Du bilan complet aux nouvelles technologies

Retarder la perte d'autonomie par la détection des premiers signes de fragilité 

Par
Publié le 08/11/2018
Article réservé aux abonnés
Déambulateur

Déambulateur
Crédit photo : TEK IMAGE/SPL/PHANIE

Au début des années 2000, la notion de fragilité a d'abord été abordée sous l'angle somatique. L'équipe de la gériatre américaine Linda Fried avait alors proposé de mesurer la fragilité par le biais d'un score comportant cinq critères : fatigue ou mauvaise endurance, perte de poids, faiblesse musculaire, ralentissement de la vitesse de marche, sédentarité ou faible activité physique. « Cette approche a très vite été considérée comme réductrice. En effet, les experts ont souhaité tenir compte d'autres aspects, tels que la fragilité cognitive, psychologique et sociale », souligne le Pr Athanase Bénétos, gériatre au CHRU de Nancy.

Repérage personnalisé

La notion de fragilité a fait l'objet de multiples définitions. En gériatrie, un patient est considéré comme fragile lorsqu'il n'arrive pas à retrouver son état antérieur de façon complète et rapide à la suite d'une agression ou d'un stress (hospitalisation, chute, perte d'un proche…). « La fragilité est l'étape qui précède la perte d'autonomie. Notre travail en tant que gériatrie est notamment de détecter cette étape chez nos patients pour ralentir le processus de fragilité et leur donner un maximum de chance de répondre de façon adéquate aux événements stressants de la vie. L'objectif étant de retarder, voire éviter, la perte d'autonomie », note le Pr Bénétos.

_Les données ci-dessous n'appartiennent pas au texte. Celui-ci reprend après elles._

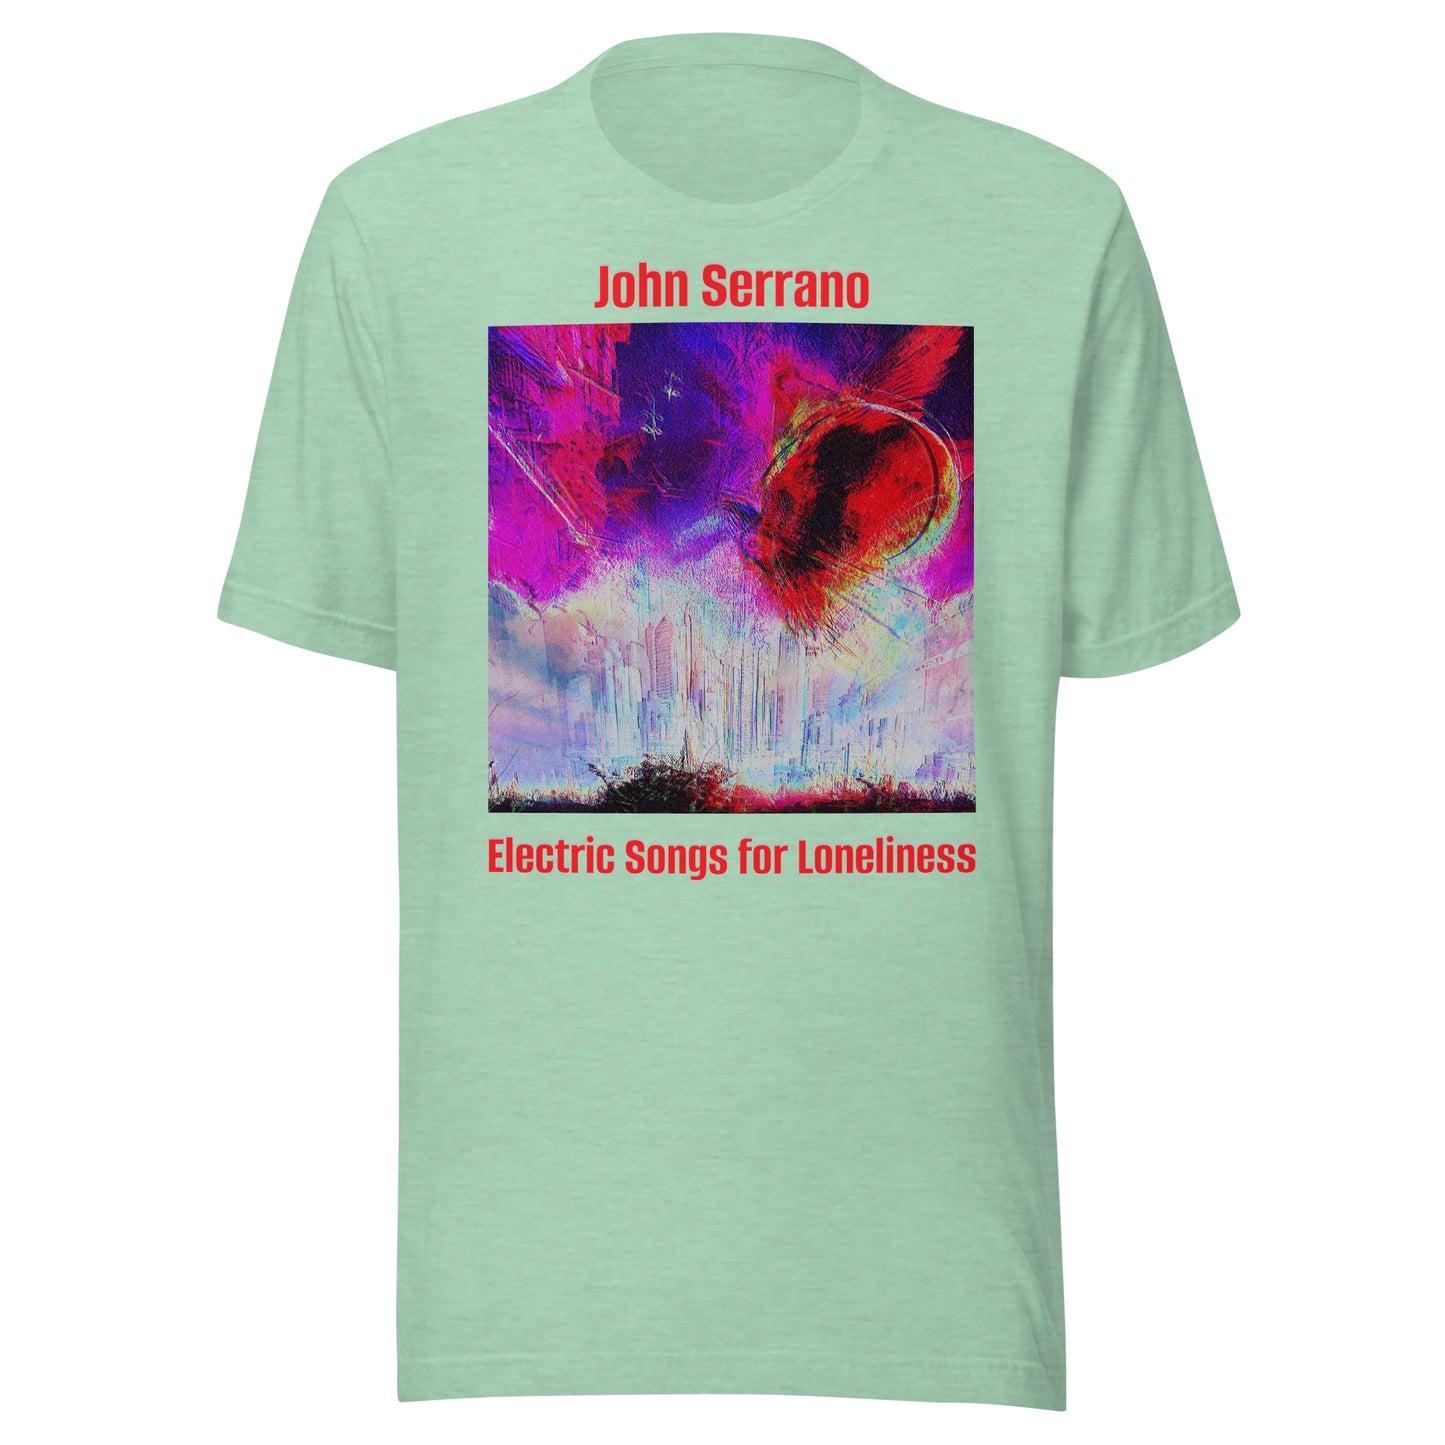 John Serrano - Electric Songs For Loneliness T-Shirt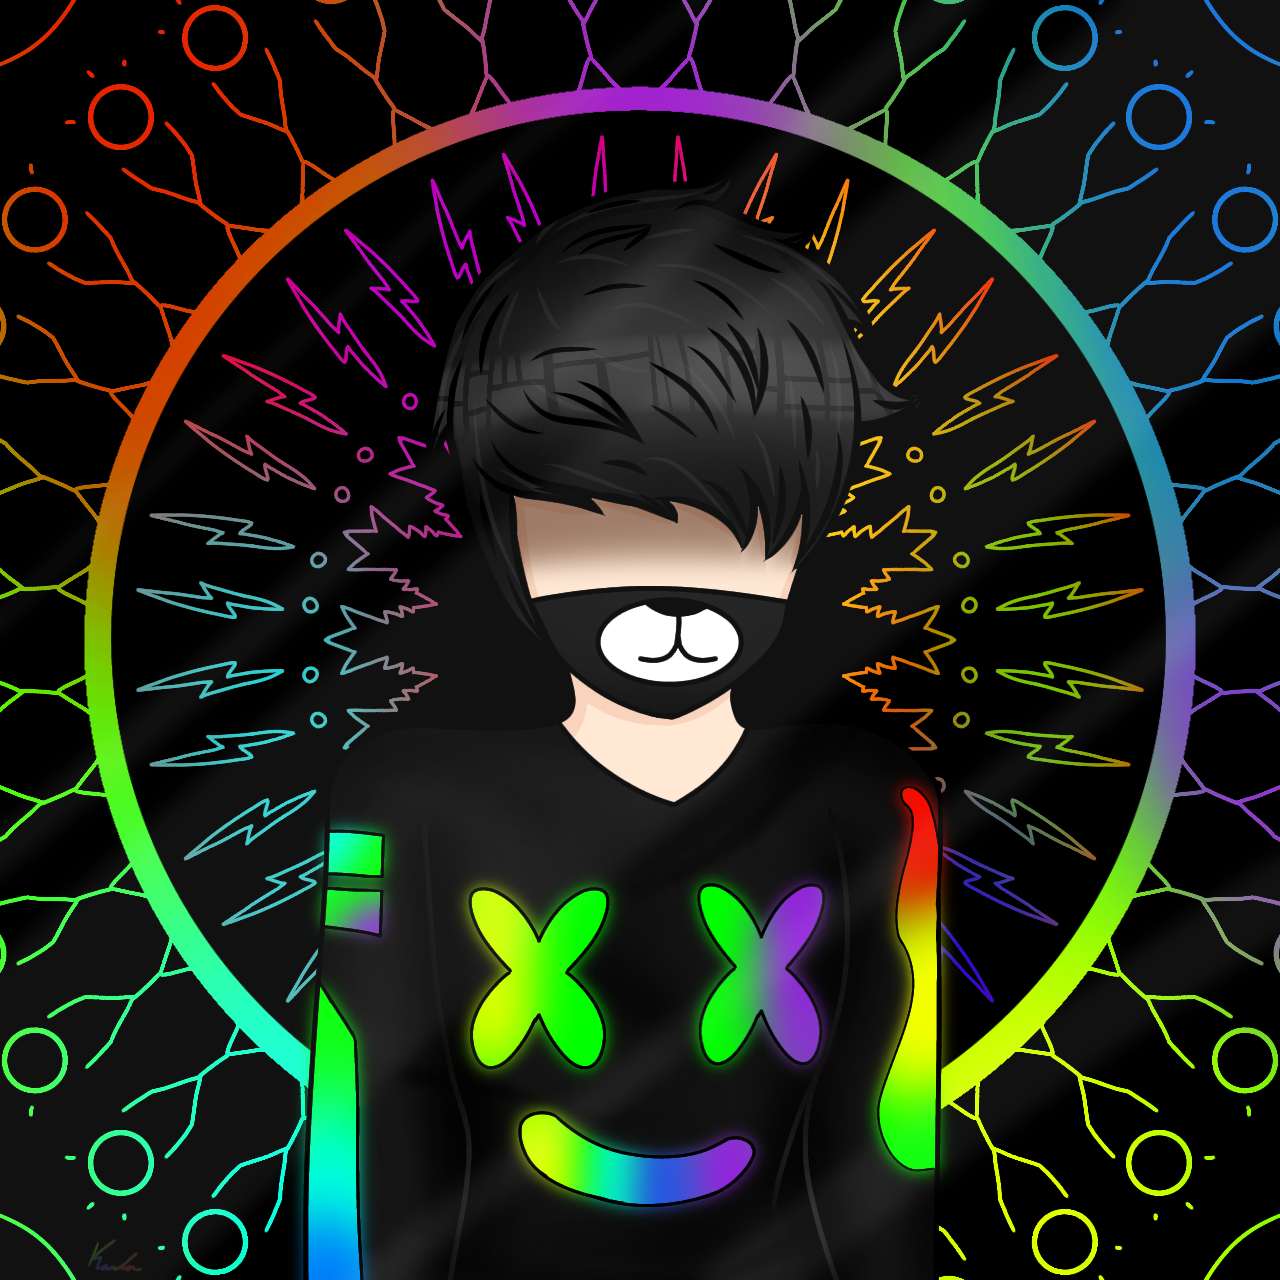 ClaX's Profile Picture on PvPRP

Ainsi, toute la difficulté consiste à détecter les premiers signes d'une perte d'autonomie sous-jacente, en l'absence de prise en charge. « Il est d'usage de procéder au repérage de la fragilité chez les patients ayant au moins 70 ans. Mais cette règle ne doit pas exclure le repérage individuel. Par exemple, face à un patient de 63 ans, en rupture professionnelle (retraite récente), psychologique et sociale (isolement), le dépistage de la fragilité s'avère nécessaire », indique le Pr Bénétos.

Bilan complet

Un questionnaire rapide (moins de 10 minutes), réalisable par tout professionnel de santé, permet d'effectuer un premier tri. Les patients qui, d’après ce premier test, présentent des signes de fragilité doivent bénéficier par la suite d'une évaluation gérontologique standardisée. Celle-ci comporte notamment un questionnaire nutritionnel, cognitif, psychologique ainsi que des mises en situation et un examen clinique. « Ce bilan complet permet d'identifier les domaines qui souffrent (somatique, psychologique, cognitif, social…) et qui créent les cascades gériatriques », affirme le Pr Bénétos. L'évaluation du médecin doit être complétée par celle d'autres professionnels : kinésithérapeutes, psychologues, assistants sociaux…

Aujourd'hui, le repérage de la fragilité n'a pas seulement pour objectif de ralentir la perte d'autonomie, il permet également d'établir le rapport bénéfice/risque d'une intervention ou d'un traitement lourd et chronique. Les gériatres travaillent ainsi, plus en plus, en collaboration étroite avec les autres spécialistes (oncologues, orthopédistes, cardiologues…).

La recherche sur la prévention de la dépendance est, par ailleurs, en ébullition. Un important projet européen (étude H2020 « FrailSafe ») étudie actuellement la valeur ajoutée des nouvelles technologies dans le dépistage de la fragilité. « Il s'agit notamment de capteurs de mouvement, de jeux intelligents et de GPS que nous disposons au domicile des patients afin de pouvoir bénéficier en temps réel d'une multitude de données les concernant (mouvements, capacités cognitives, rythme respiratoire et cardiaque, pression artérielle…). Cette étude qui se termine le 30 avril prochain permettra d’ouvrir de nouvelles voies dans le domaine de la prévention gériatrique  », conclut le Pr Bénétos.